WORK ITEM
Nothing but the lines from the one holding "desktop wallpaper …" through the last line of the material below should be set down, exactly and without images.

GIVEN MATERIAL
━━━━━━━━━━━━━━━━━━━━━━━━━━━━━━

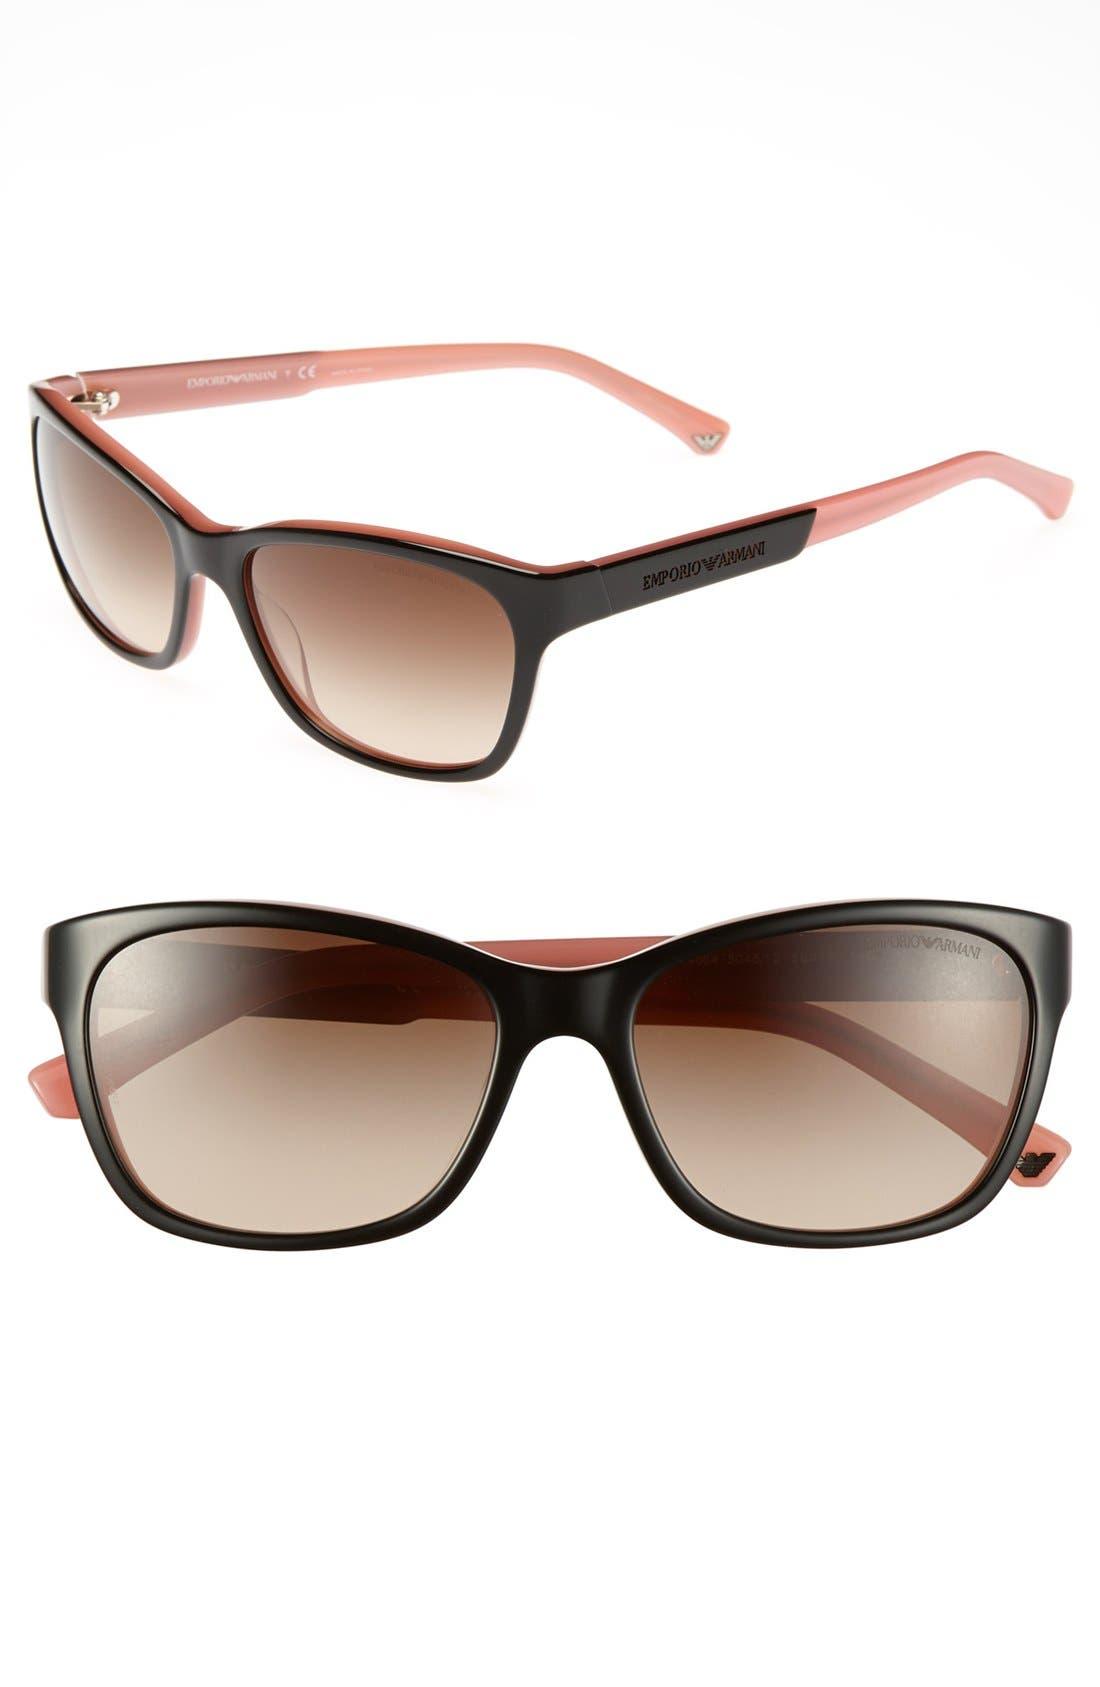 Alternate Image 1 Selected - Emporio Armani 56mm Retro Sunglasses
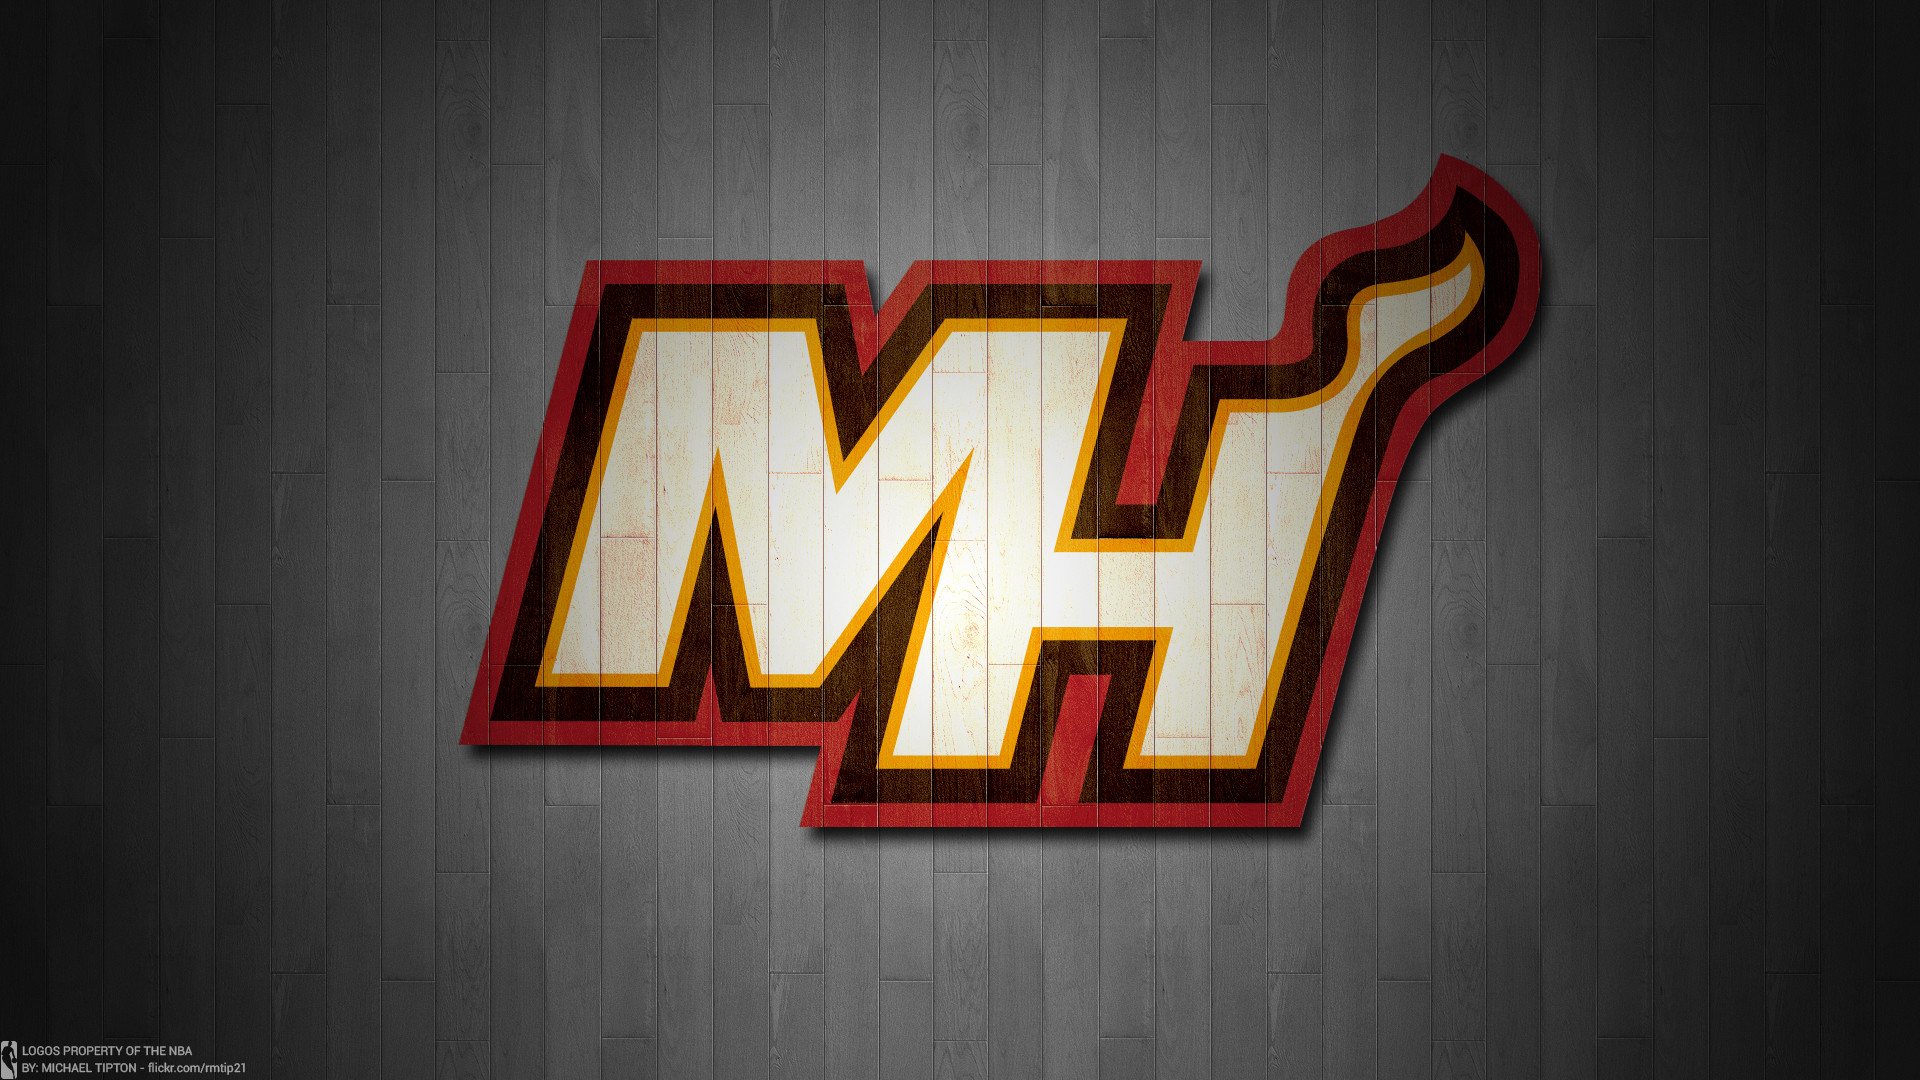 … NBA 2017 Miami Heat hardwood logo desktop wallpaper …
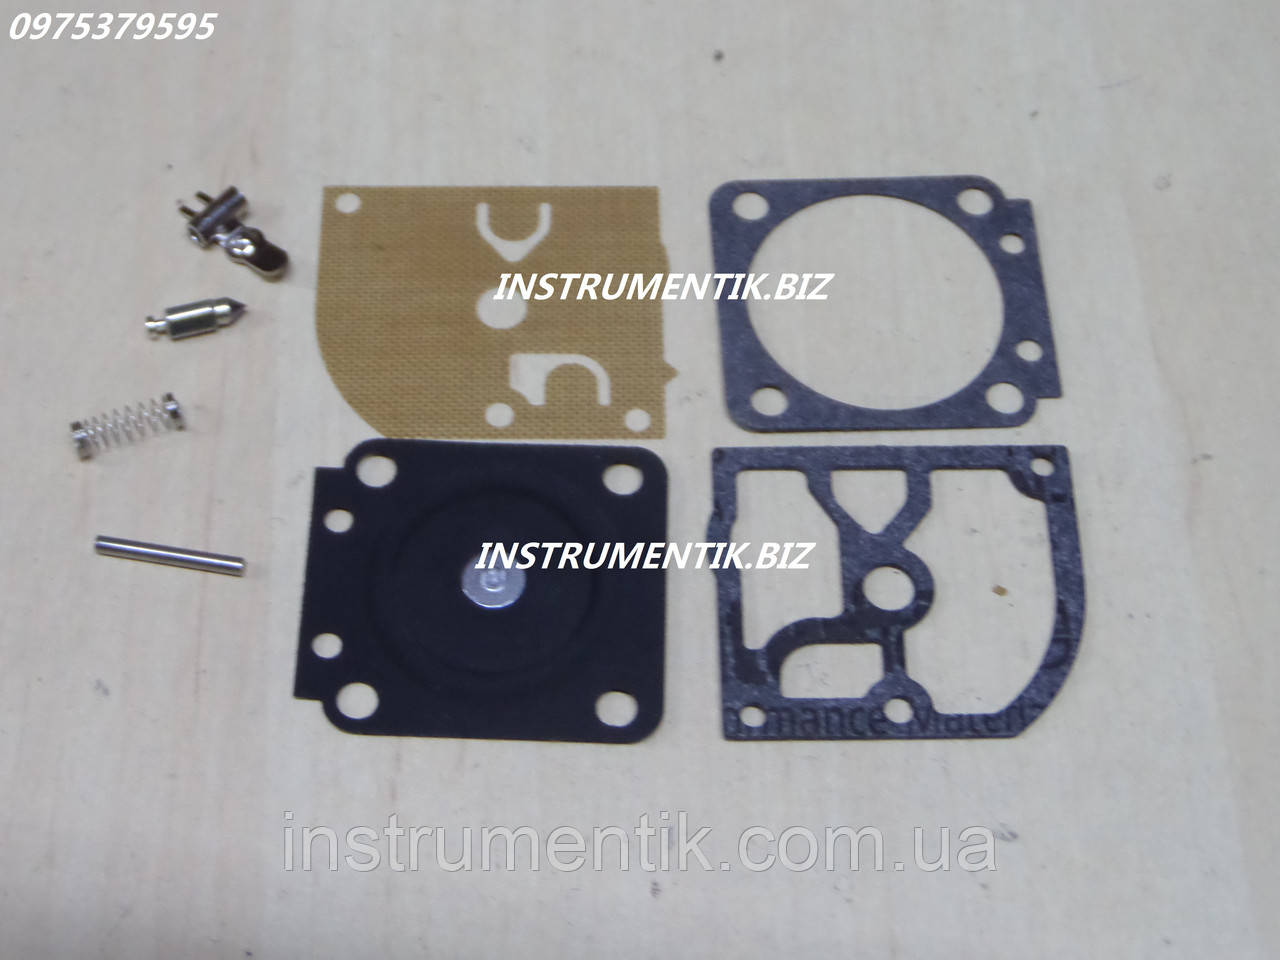 Ремкомплект карбюратора для Stihl FS 120, FS 200, FS 250

━━━━━━━━━━━━━━━━━━━━━━━━━━━━━━

RESULT
 … NBA 2017 Miami Heat hardwood logo desktop wallpaper …
 Ремкомплект карбюратора для Stihl FS 120, FS 200, FS 250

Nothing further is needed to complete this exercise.